# Digital coaxial audio splitter??



## Guest (Dec 19, 2008)

Here's my situation: I have an older Onyko A/V receiver with one digital coaxial input (the optical input is broken). I have 2 components with digital coaxial outputs (dvd player & directv receiver) that I would like to utilize. Is there such a thing as a simple, inexpensive "2 inputs to 1 output" adaptor, cord or switch that would work for me & still maintain the digital sound integrity? It seems to me that this would be quite easy but I can't seem to find such a product. I've seen many simple optical splitters but not coaxial.
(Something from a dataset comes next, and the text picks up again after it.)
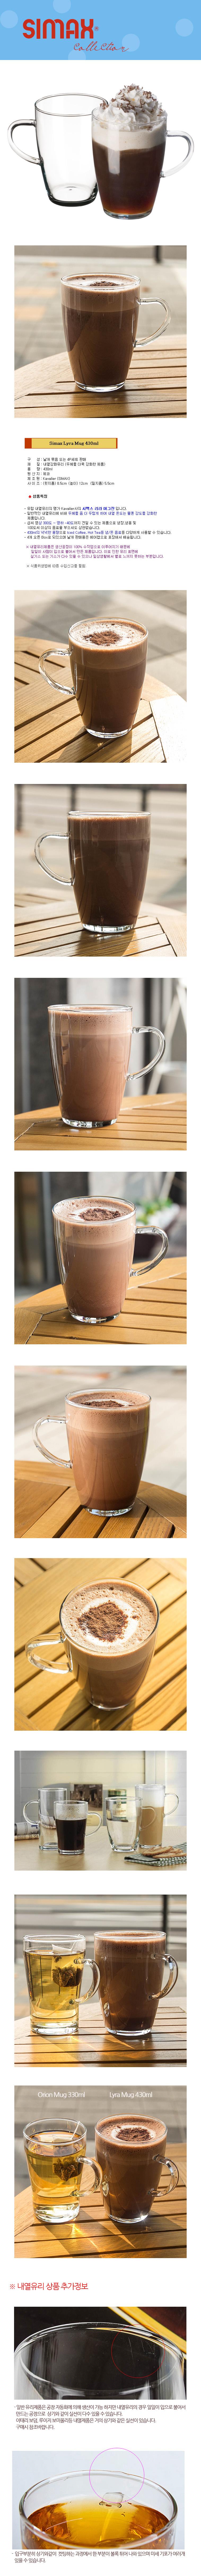 Simax 내열강화 리라(Lyra) Mug 2P - 더리빙샵, 12,750원, 머그컵, 머그컵 세트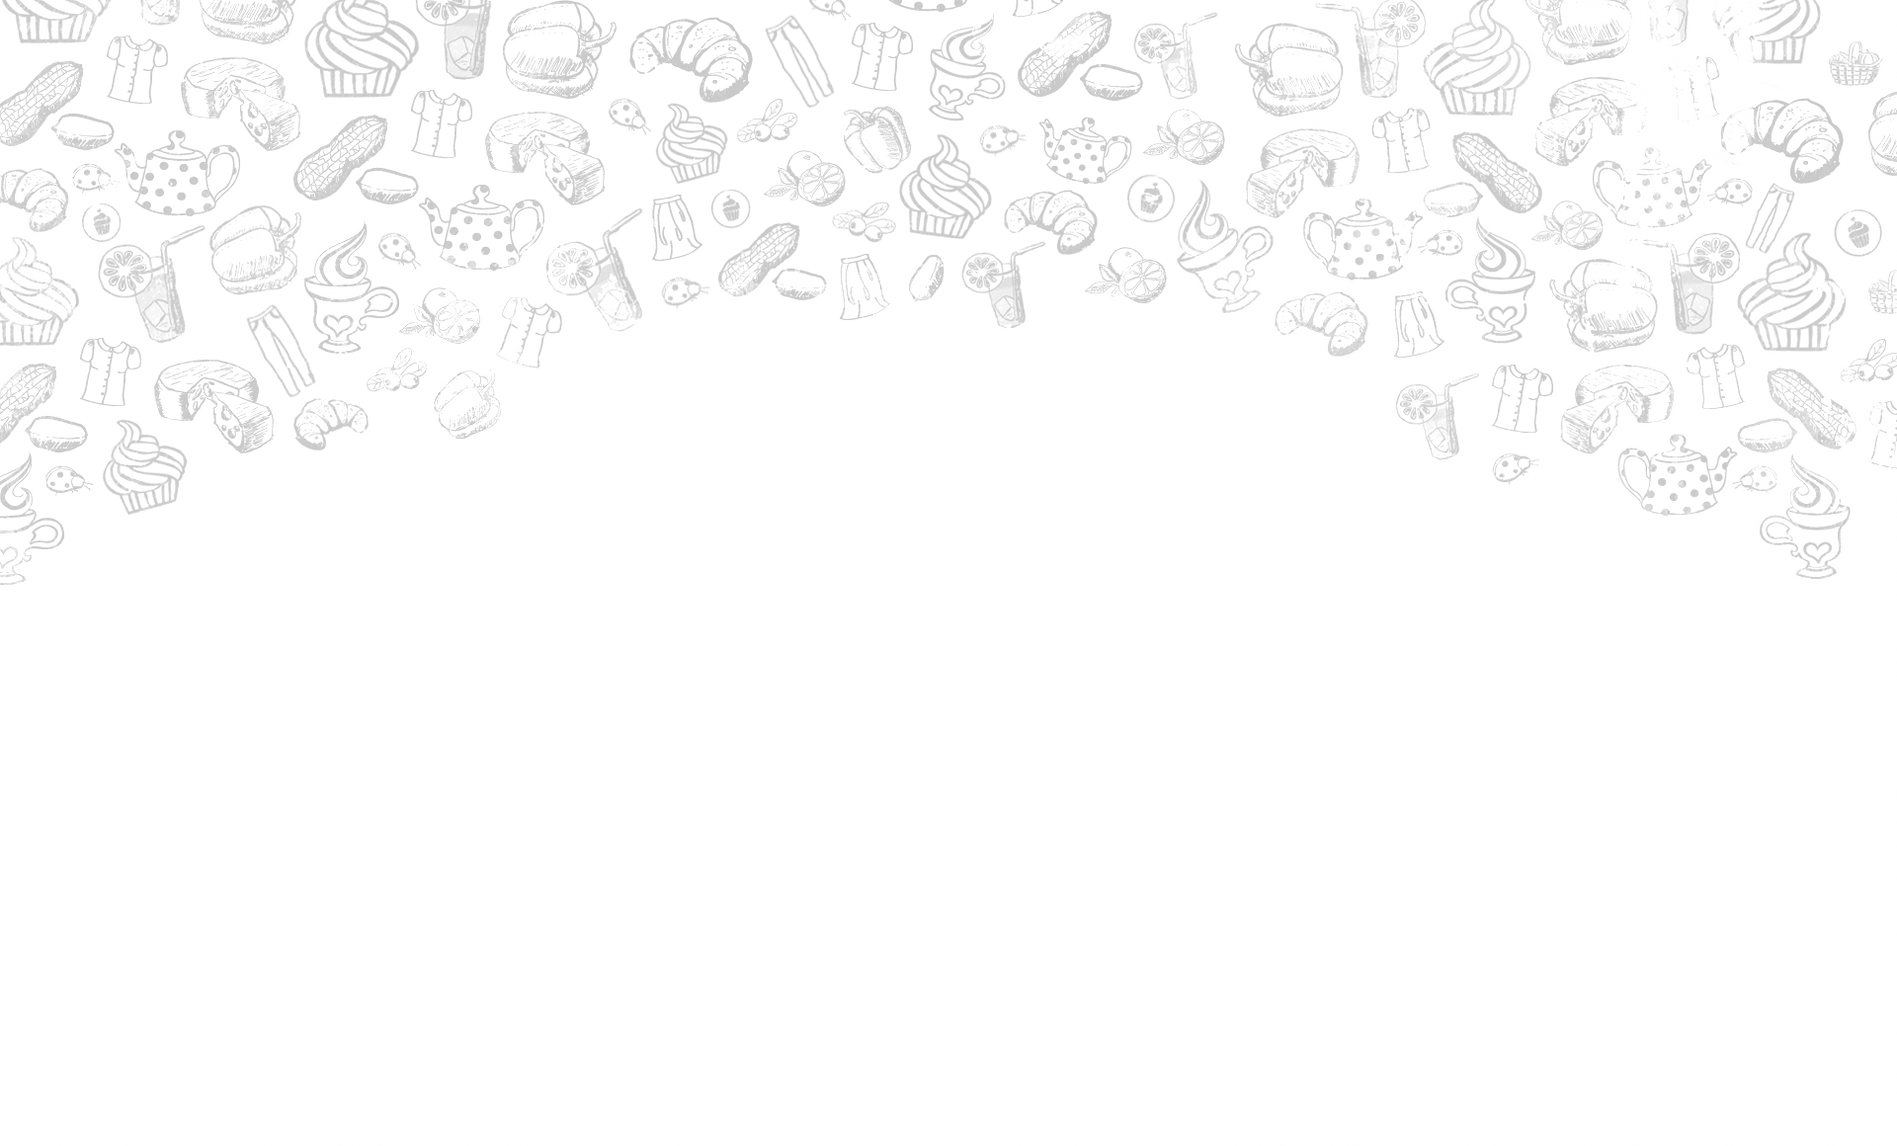 Doodles_edited_edited_edited.png

Thanks a lot.


----------



## tonyvdb (Sep 5, 2007)

I do believe that any A/V switch would work, you would just need an adapter to convert the 75ohm connector to RCA on the ends where it connects to the switcher.
I hope someone will confirm this as I am not 100% sure of this.


----------



## Guest (Dec 23, 2008)

Thanks for the reply. I just wanted to follow up...I bought a 2 dollar rca y-splitter at home depot (of all places) & everything is working great. My A/V receiver coax input is now split into 2 to receive my DirecTV receiver & DVD player. I just hit DVD or TV on the receiver's remote (each are set to Coax), depending on what I'm watching. The sound is awesome on each. Thanks again.


----------



## eugovector (Sep 4, 2006)

Yep, should have worked, and thanks to you playing the guinea pig, now we know it does for a fact. Enjoy your system.


----------